Free-Market Analysis: The Baltic Dry Index has received a lot of coverage because it tracks shipping activity worldwide – and it has never been lower. Nobody is shipping much of anything, it seems.
For this reason, Tavares's analysis of US rail transportation may have received more attention than it would have otherwise. It was posted at ZeroHedge, for instance, and reposted at other websites as well.
He concluded that rail transport volumes were showing considerable weakness (see excerpt above). However, the weakness was relatively recent so he declines to draw any firm conclusions.
The rail intermodal traffic category registers the long-haul movement of shipping containers and truck trailers by rail whenever combined with (a much shorter) truck movement at one or both ends … The weaknesses leading up to the 2008 financial crisis is pretty noticeable …
The analysis covers commodity groups within the context of rail traffic. According to the article, rail shipping shows a continued glut of oil and gas. Forest products, a good indicator of construction, have also fallen off significantly. However, motor vehicle shipping has been setting a new high.
Our analysis of rail volumes provides a mixed picture of the US economy at this point: oil & gas and mining-related sectors are taking a real beating, some consumer sectors seem to be holding up and there are signs of weakness in the housing sector. 2016 should witness some type of a resolution here.
Tavares, as we can see, declines to make any firm predictions.

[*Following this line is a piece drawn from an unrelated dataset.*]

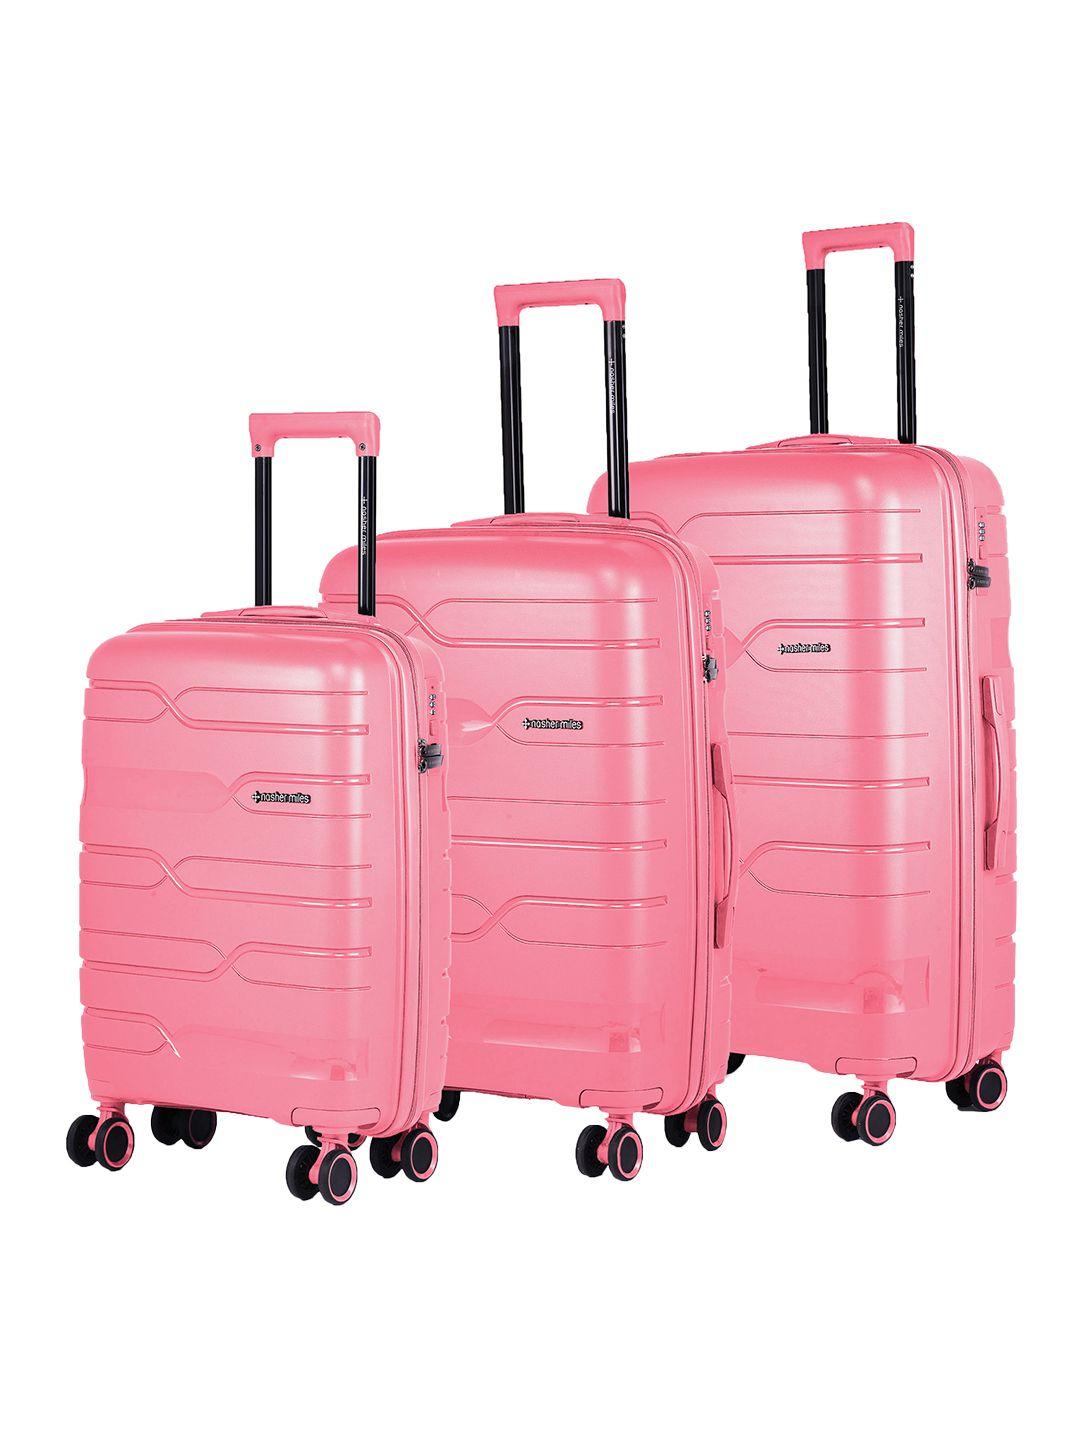 nasher miles set of 3 pink textured hard-sided trolley suitcases

However, over at the CFA Institute, Ron Rimkus writes that "2016 is a turning point for markets," and that while the world's outlook is grim, the US may benefit considerably from Federal Reserve rate hikes.
The Fed … signaled four .25% increases in interest rates are in store for 2016 … Although the Fed has proceeded ever so gingerly, the world is nevertheless at a turning point punctuated by the Fed's historic rate hike.

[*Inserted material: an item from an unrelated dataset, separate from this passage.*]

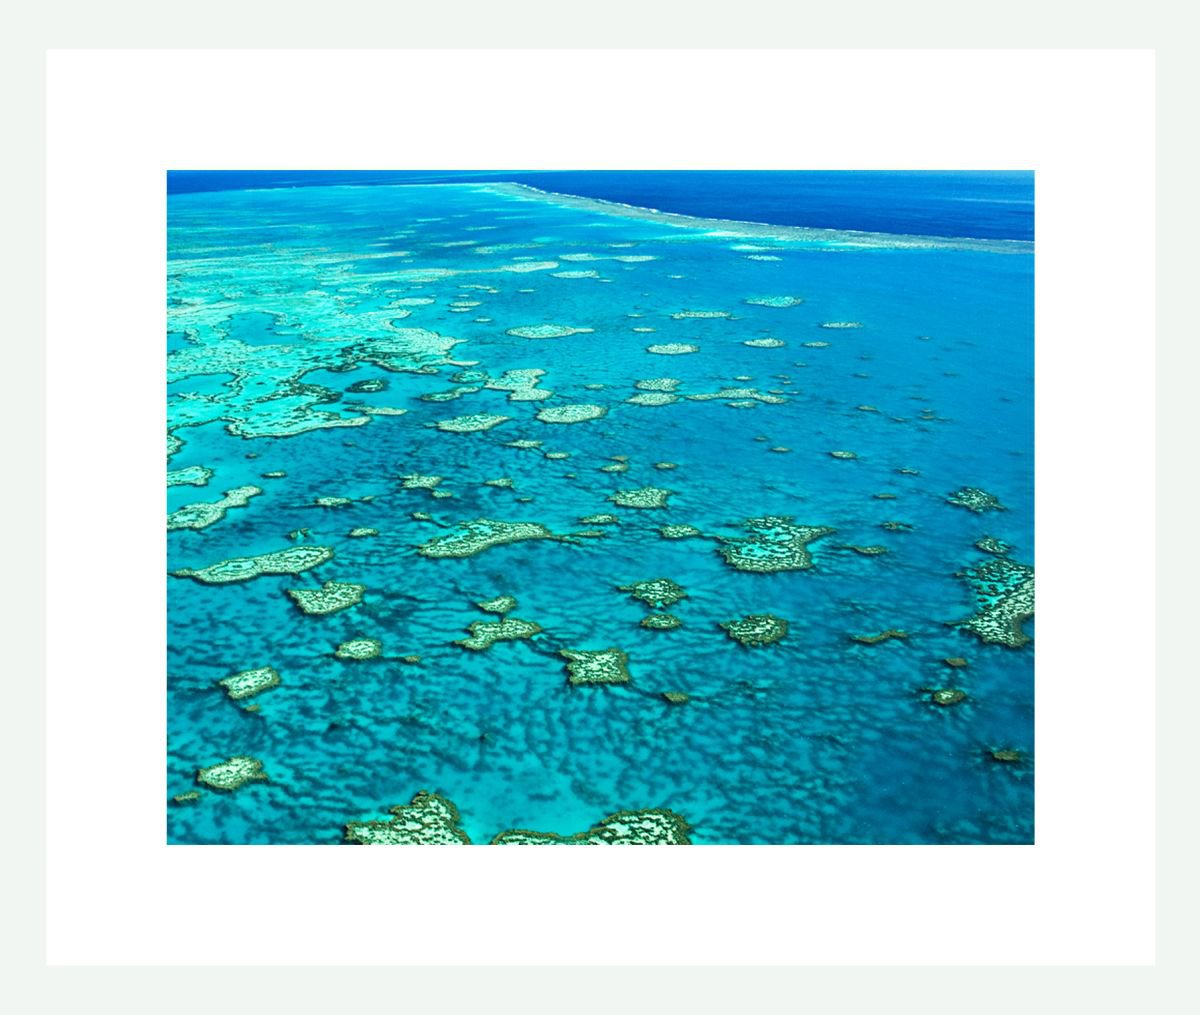 Natural Abstracts - The Great Barrier Reef number 2 by Ken Skehan

… With these modest expectations, weak economies around the globe, and a rising dollar, maybe – just maybe — all that global capital sloshing around will find a home here in the US stock market? Think about it . . .
Could Yellen's rate hikes set off the next leg of a US securities boom? We recently reviewed an article by David Stockman that was relentlessly negative about central bank currency debasement (already in play) and the effect it was going to have on indebted governments and large quasi-public entities generally.
According to Stockman – and his analysis is shared by numerous hard-money analysts and economists – as the era of easy money gives way to tighter monetary volumes and higher rates, the world's economy will show considerable stress.
In fact, there are those like Euro Pacific's Peter Schiff who believe that one way or another Yellen and company will be forced to continue easy-money policies because wringing out the leverage of US$175 trillion (Stockman's estimate, printed since 2008) is an impossibility.
We would tend to agree with the hard-money crowd – and have written such – but the suggestion that US markets should benefit from higher rates (not too high, of course) is an intriguing one.
It doesn't mean anything in the longer term, given the mess of US finances. But in the short term, a continued securities rally might benefit large corporations and also enhance the prospects of smaller enterprises and companies that have not yet gone public.
Certainly a sustained rally, even with considerable volatility, would enhance the prospects of emerging sectors. One such sector – cannabis – has yet to fully debut on the world's stage, but if US markets continue favorable, that process might be considerably eased.